■ PROBLEM: Pictures stay out; print the rest of the listing below exactly as it stands.

*** GIVEN INFORMATION

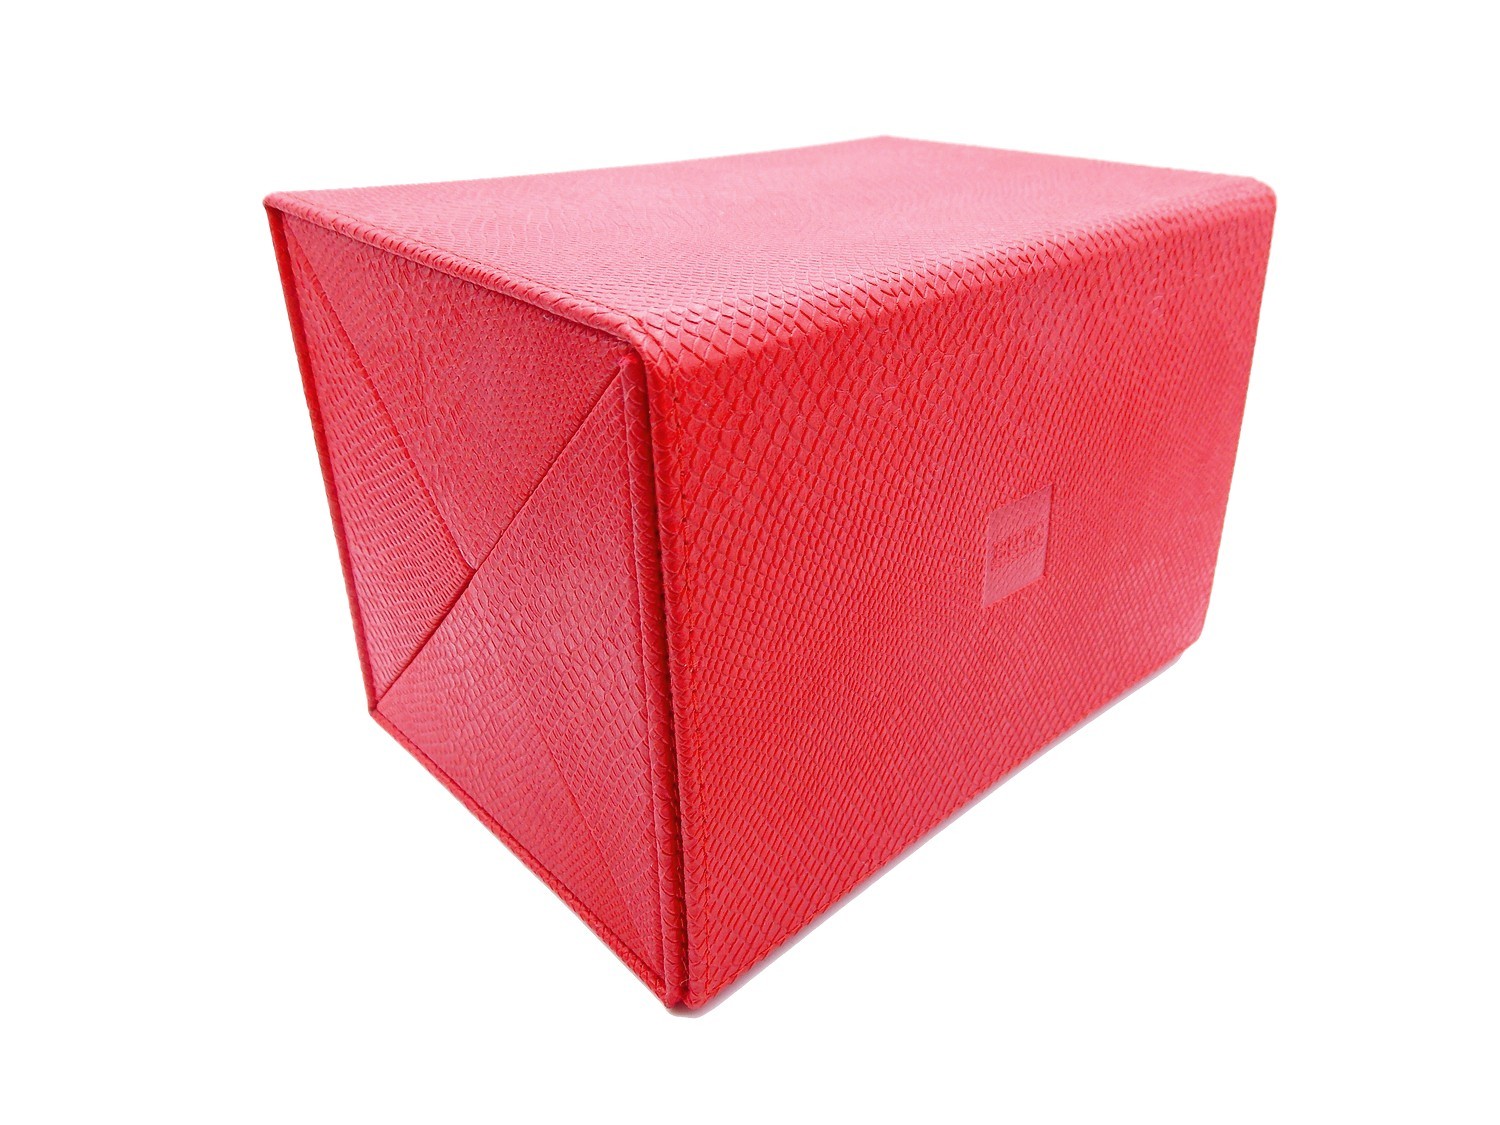 Мультифутляр BOX 4.110.20.10 мульти-футляр красный
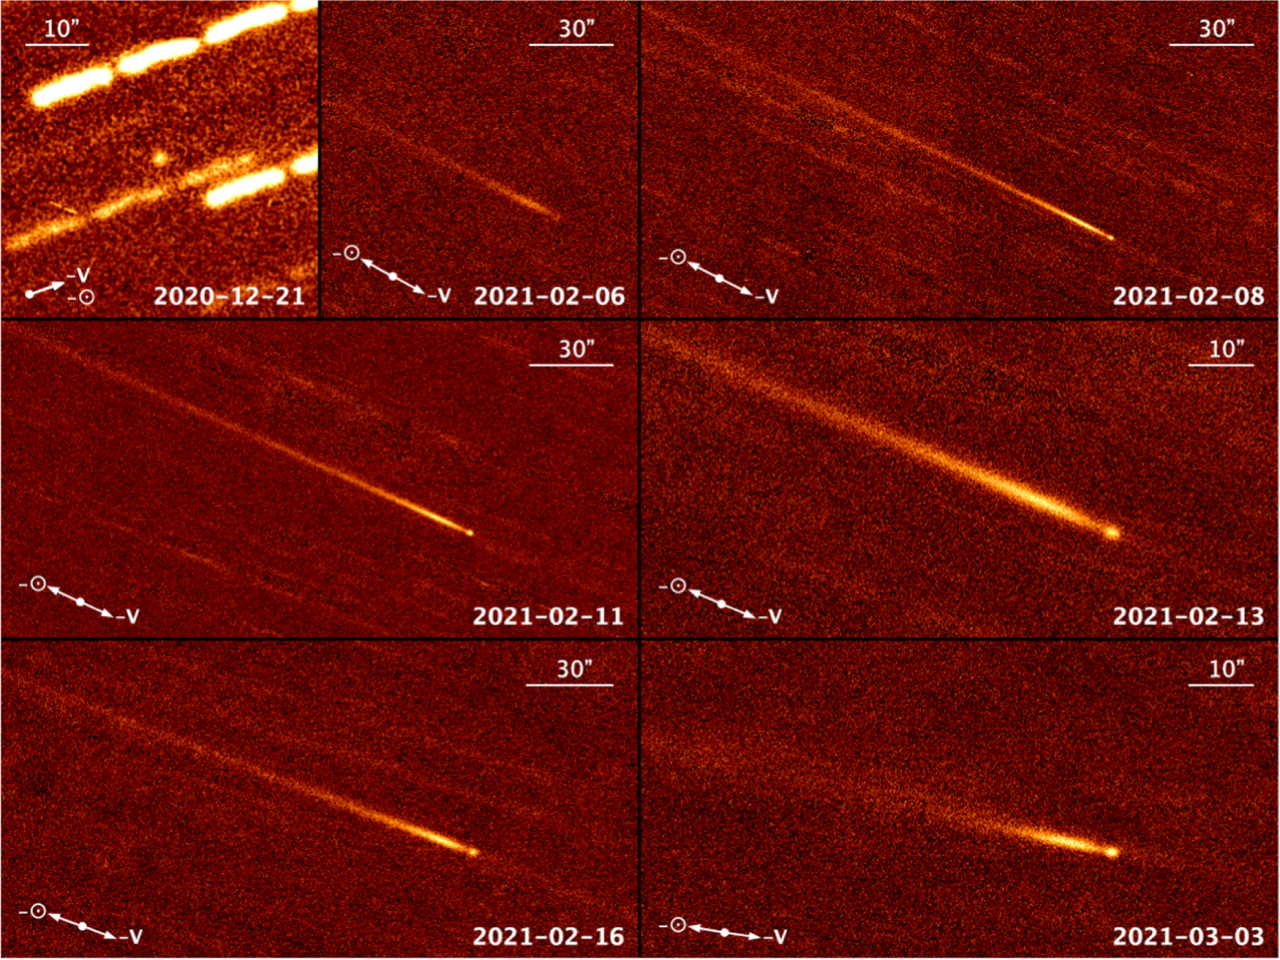 323P/SOHO на зображенні «Субару» у грудні (перше фото), телескопа CFHT у лютому (вже після перигелію, наступні три фото), телескопа LDT (6 знімок) і телескопа «Джеміні-Північ». Man-To Hui et al. / The Astronomical Journal, 2022
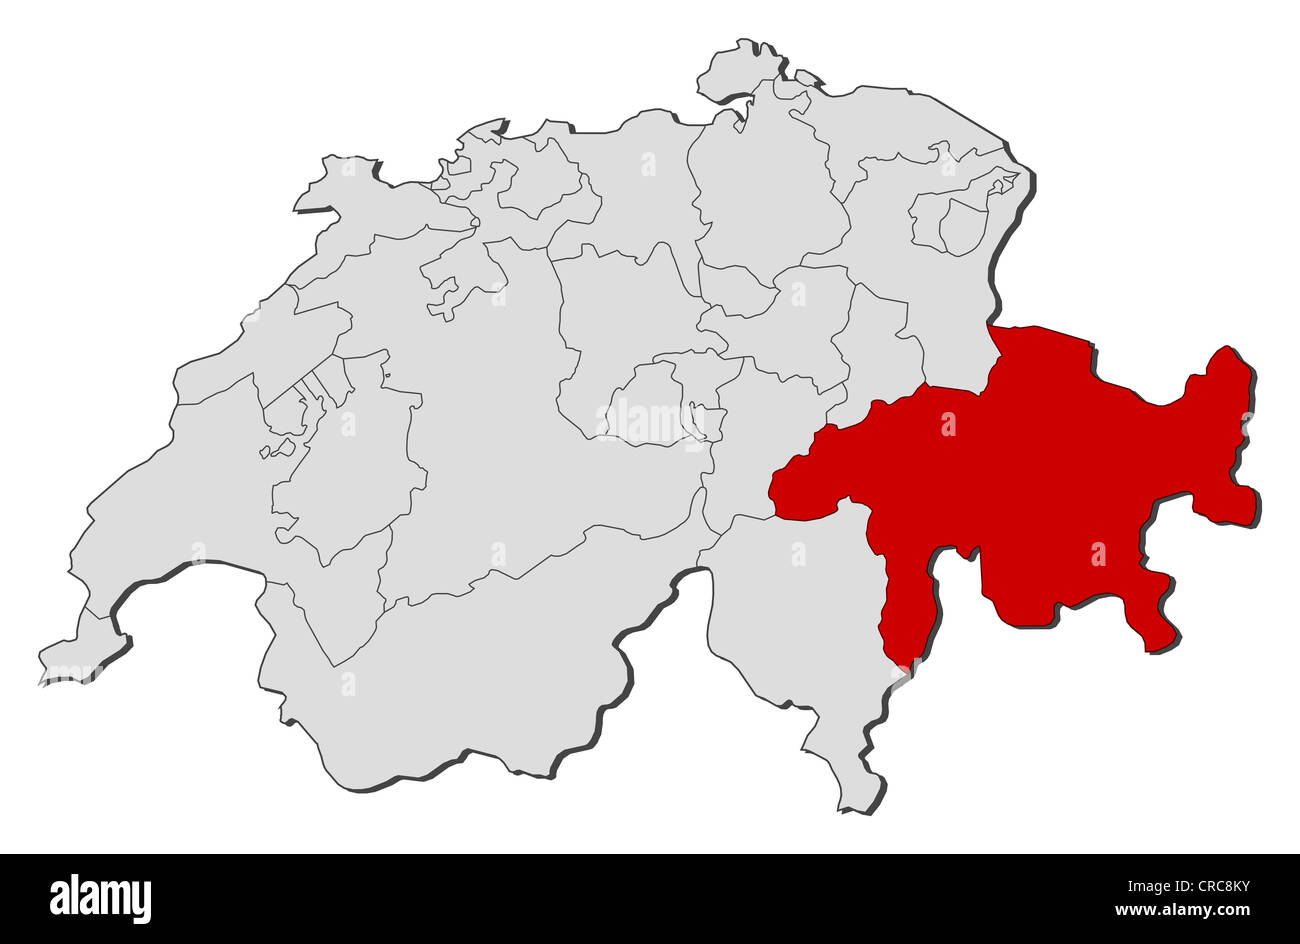 Politische Karte der Schweiz mit den verschiedenen Kantonen, wo Graubünden markiert ist. Stockfoto

******

■ RESULT OF THE TASK:
 Мультифутляр BOX 4.110.20.10 мульти-футляр красный
 323P/SOHO на зображенні «Субару» у грудні (перше фото), телескопа CFHT у лютому (вже після перигелію, наступні три фото), телескопа LDT (6 знімок) і телескопа «Джеміні-Північ». Man-To Hui et al. / The Astronomical Journal, 2022
 Politische Karte der Schweiz mit den verschiedenen Kantonen, wo Graubünden markiert ist. Stockfoto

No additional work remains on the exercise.